Downloading census data

First, we need data from the real world. In this case, it’s the 2011 German microcensus data, which, with over 35 million points and several dozen characteristics, can definitely be called Big Data.

Download the data:

# (https://www.zensus2011.de/EN/Service/Contact/contact_node.html)
wget https://www.zensus2011.de/SharedDocs/Downloads/DE/Pressemitteilung/DemografischeGrunddaten/csv_Bevoelkerung_100m_Gitter.zip?__blob=publicationFile&v=3

The presentation of a real example has some interesting aspects:

We also need to download the metadata description file from the website mentioned above to get information about projection, data concepts, etc.

 # we need some additional packages
 require(link2GI)
 require(curl)

# first of all we create  a project folder structure 
  dirs = link2GI::createFolders(root_folder = paste0(tempdir(),"/link2GI_examples"), 
                                  folders =  c("run/"))

# set runtime directory
  setwd(dirs$path_run)

# get some typical authority generated data 
  url<-"https://www.zensus2011.de/SharedDocs/Downloads/DE/Pressemitteilung/DemografischeGrunddaten/csv_Bevoelkerung_100m_Gitter.zip;jsessionid=294313DDBB57914D6636DE373897A3F2.2_cid389?__blob=publicationFile&v=3"
 res <- curl::curl_download(url, paste0(path_run,"testdata.zip"))

# unzip it
 unzip(res,files = grep(".csv", unzip(res,list = TRUE)$Name,value = TRUE),
       junkpaths = TRUE, overwrite = TRUE)
fn <- list.files(pattern = "[.]csv$", path = getwd(), full.names = TRUE)

Preprocessing the data

After downloading the data, we will use it for some demonstration stuff.
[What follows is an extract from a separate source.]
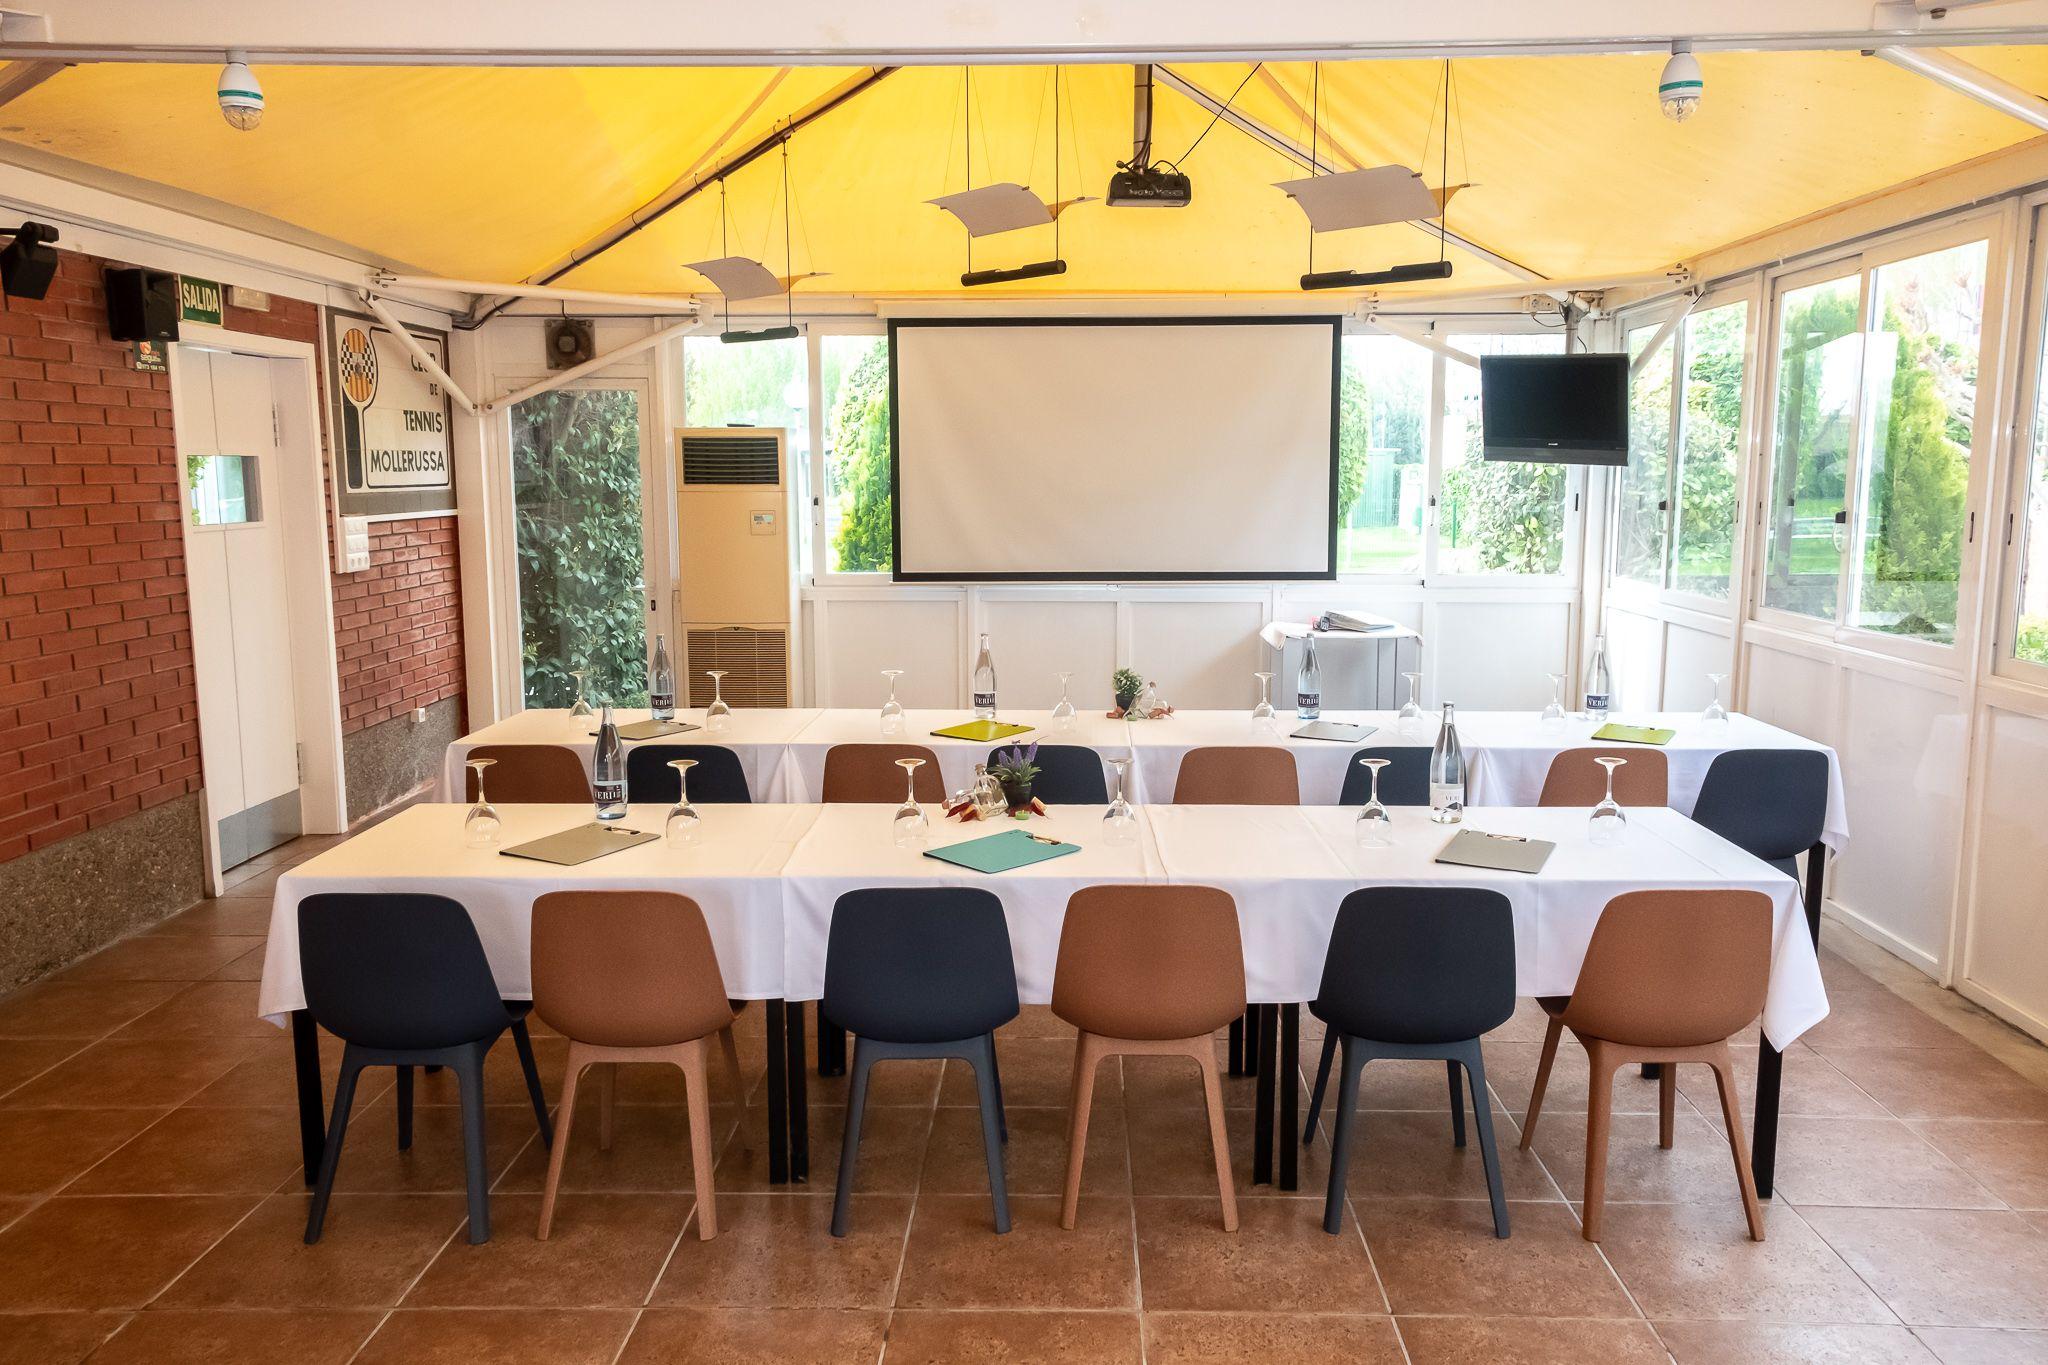 Restaurante comidas empresas Lleida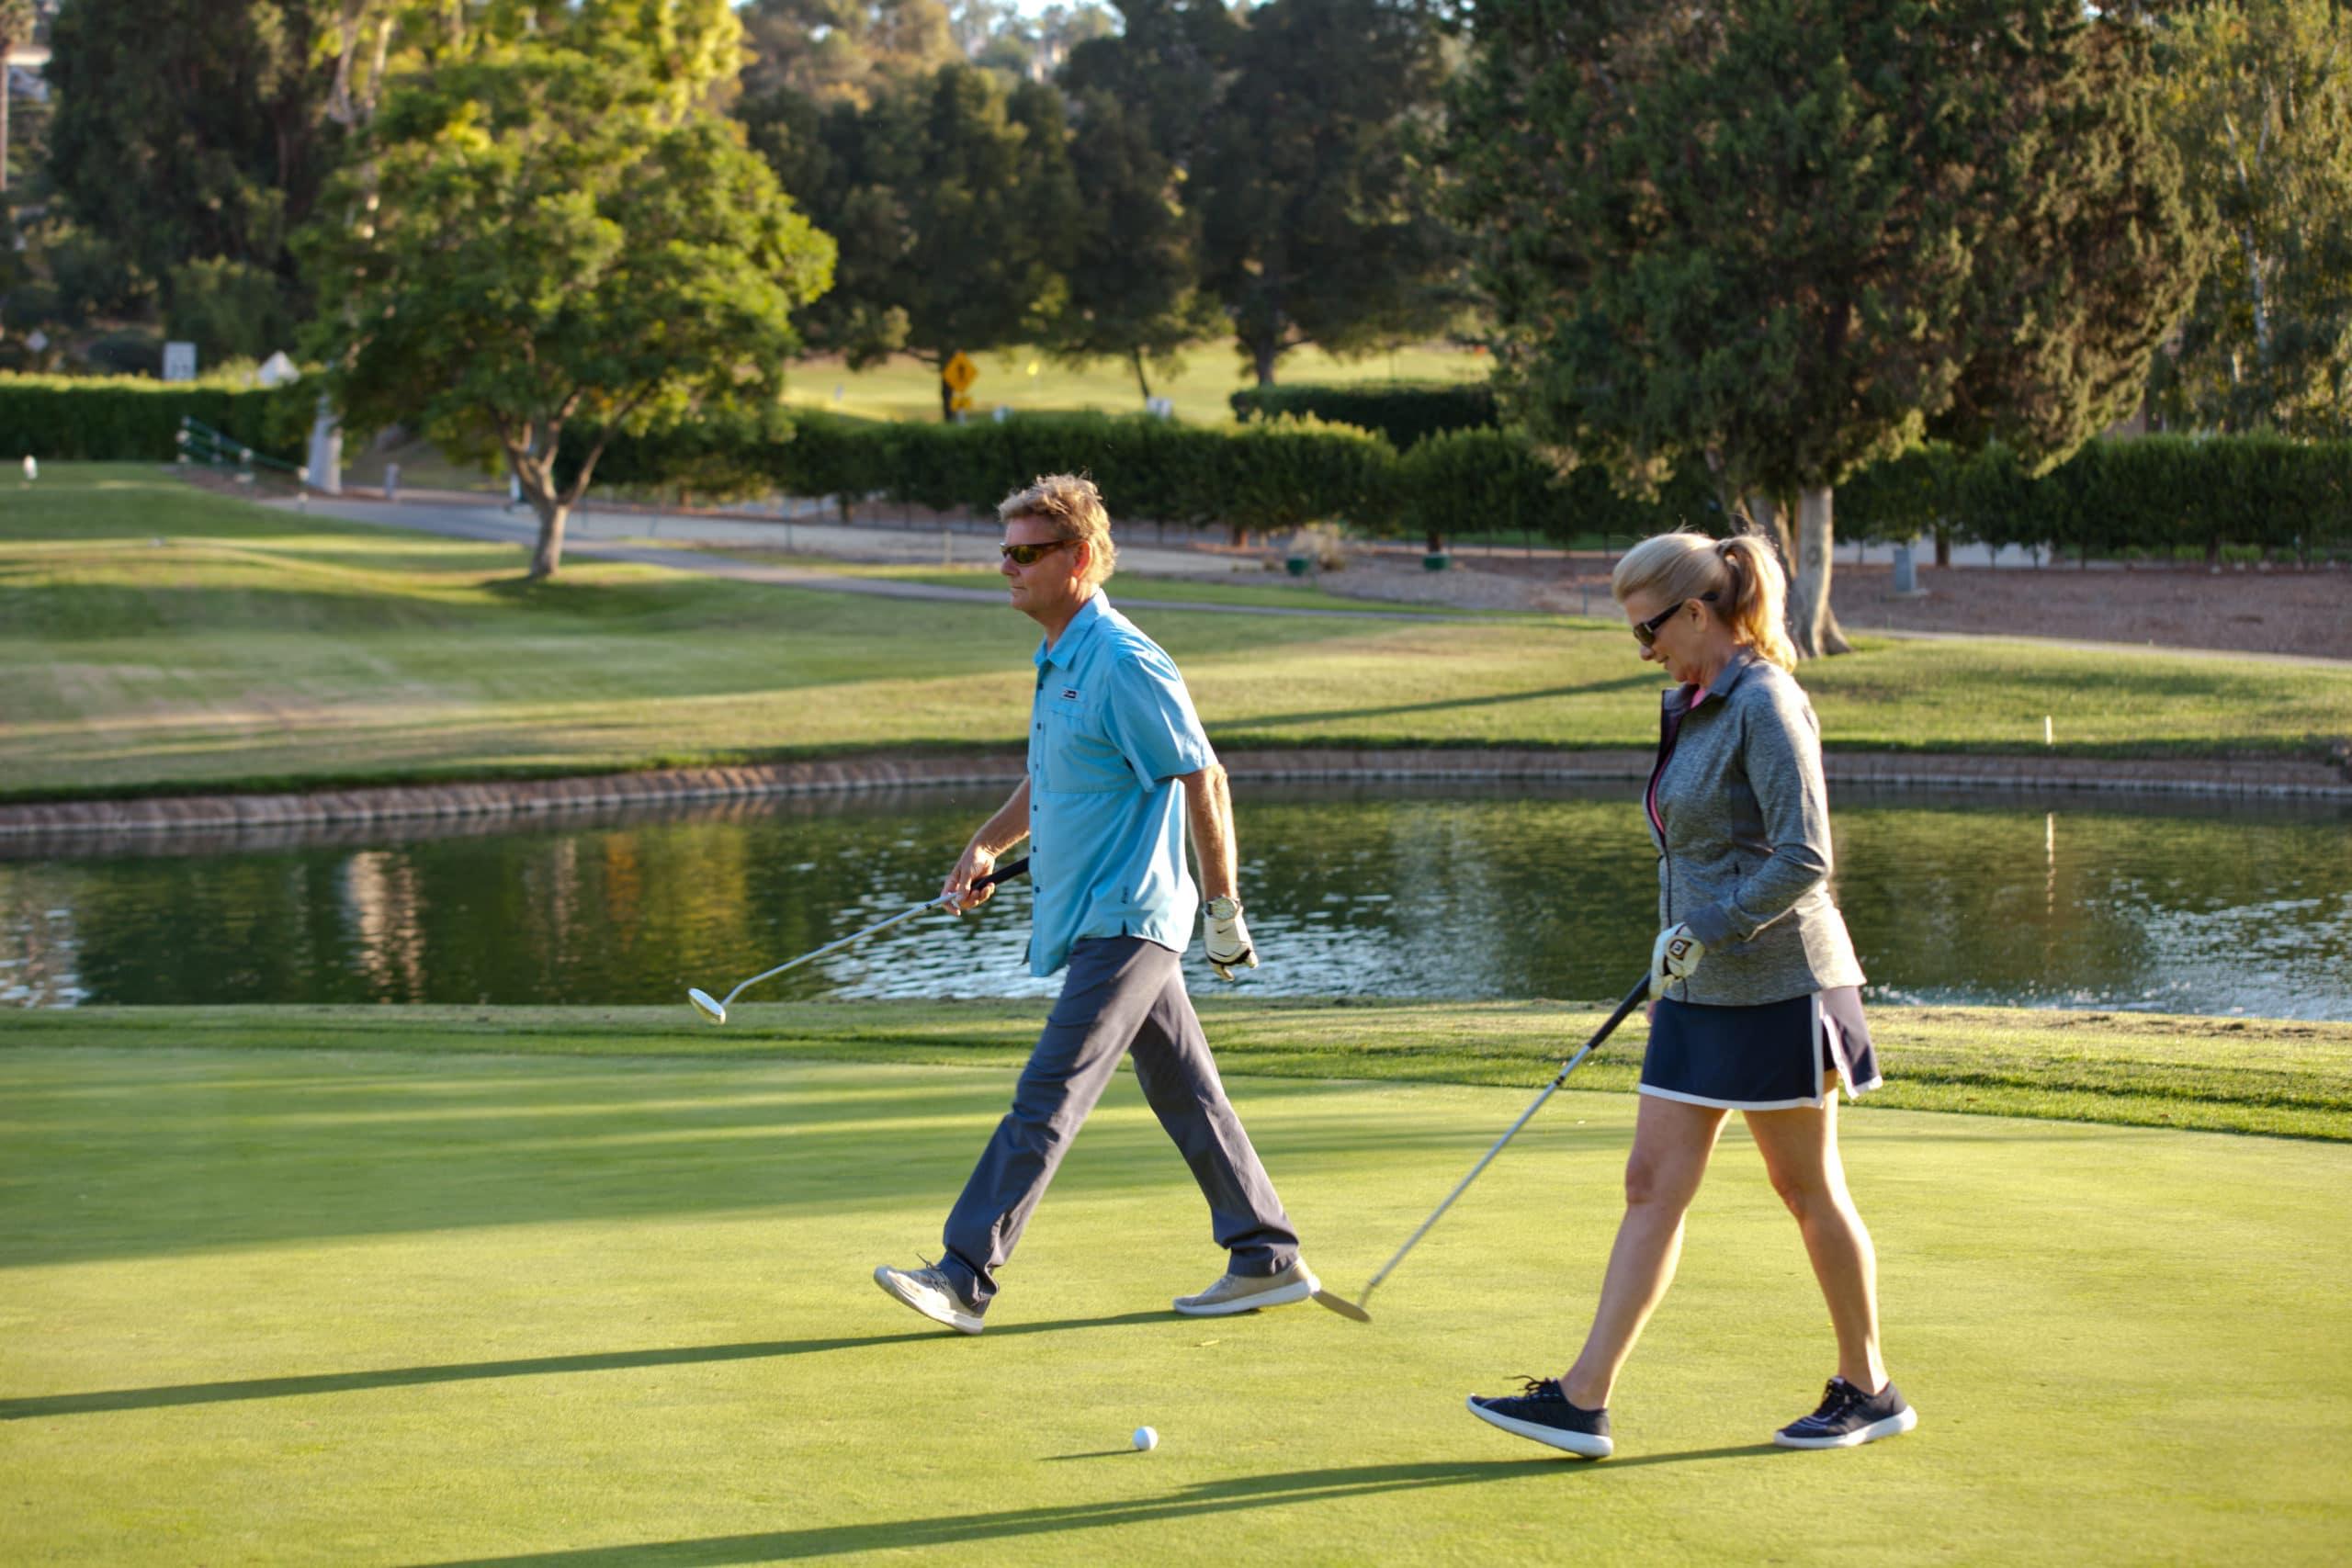 Camarillo_Golf_Golf_Landscape (4)

If you have a look, the data is nothing but x,y,z with some projection information assumed.

# fast read with data.table 
 xyz <- data.table::fread(paste0(path_run,"/Zensus_Bevoelkerung_100m-Gitter.csv"))

 head(xyz)

We can easily rasterize this data because it is intentionally gridded data. that means we have a value in at a grid size of 100 by 100 meters.

 require(RColorBrewer)
 require(terra)
 require(mapview)


# clean dataframe
 xyz <- xyz[,-1]

# rasterize it according to the projection 
  r <- terra::rast(xyz, type="xyz")
 terra::crs(r) <- 3035

# map it
 p <- colorRampPalette(brewer.pal(8, "Reds"))
 # aet resolution to 1 sqkm
 mapview::mapviewOptions(mapview.maxpixels = r@ncols*r@nrows/10)
 mapview::mapview(r, col.regions = p, 
                  at = c(-1,10,25,50,100,500,1000,2500), 
                  legend = TRUE)

Setting up a GRASS project

Nothing new so far. Now we create a new but permanent GRASS gisbase using the spatial parameters from the raster object. As you know, the linkGRASS function performs a full search for one or more existing GRASS installations. If a valid GRASS installation exists, all parameters are set and the rgrass package is linked.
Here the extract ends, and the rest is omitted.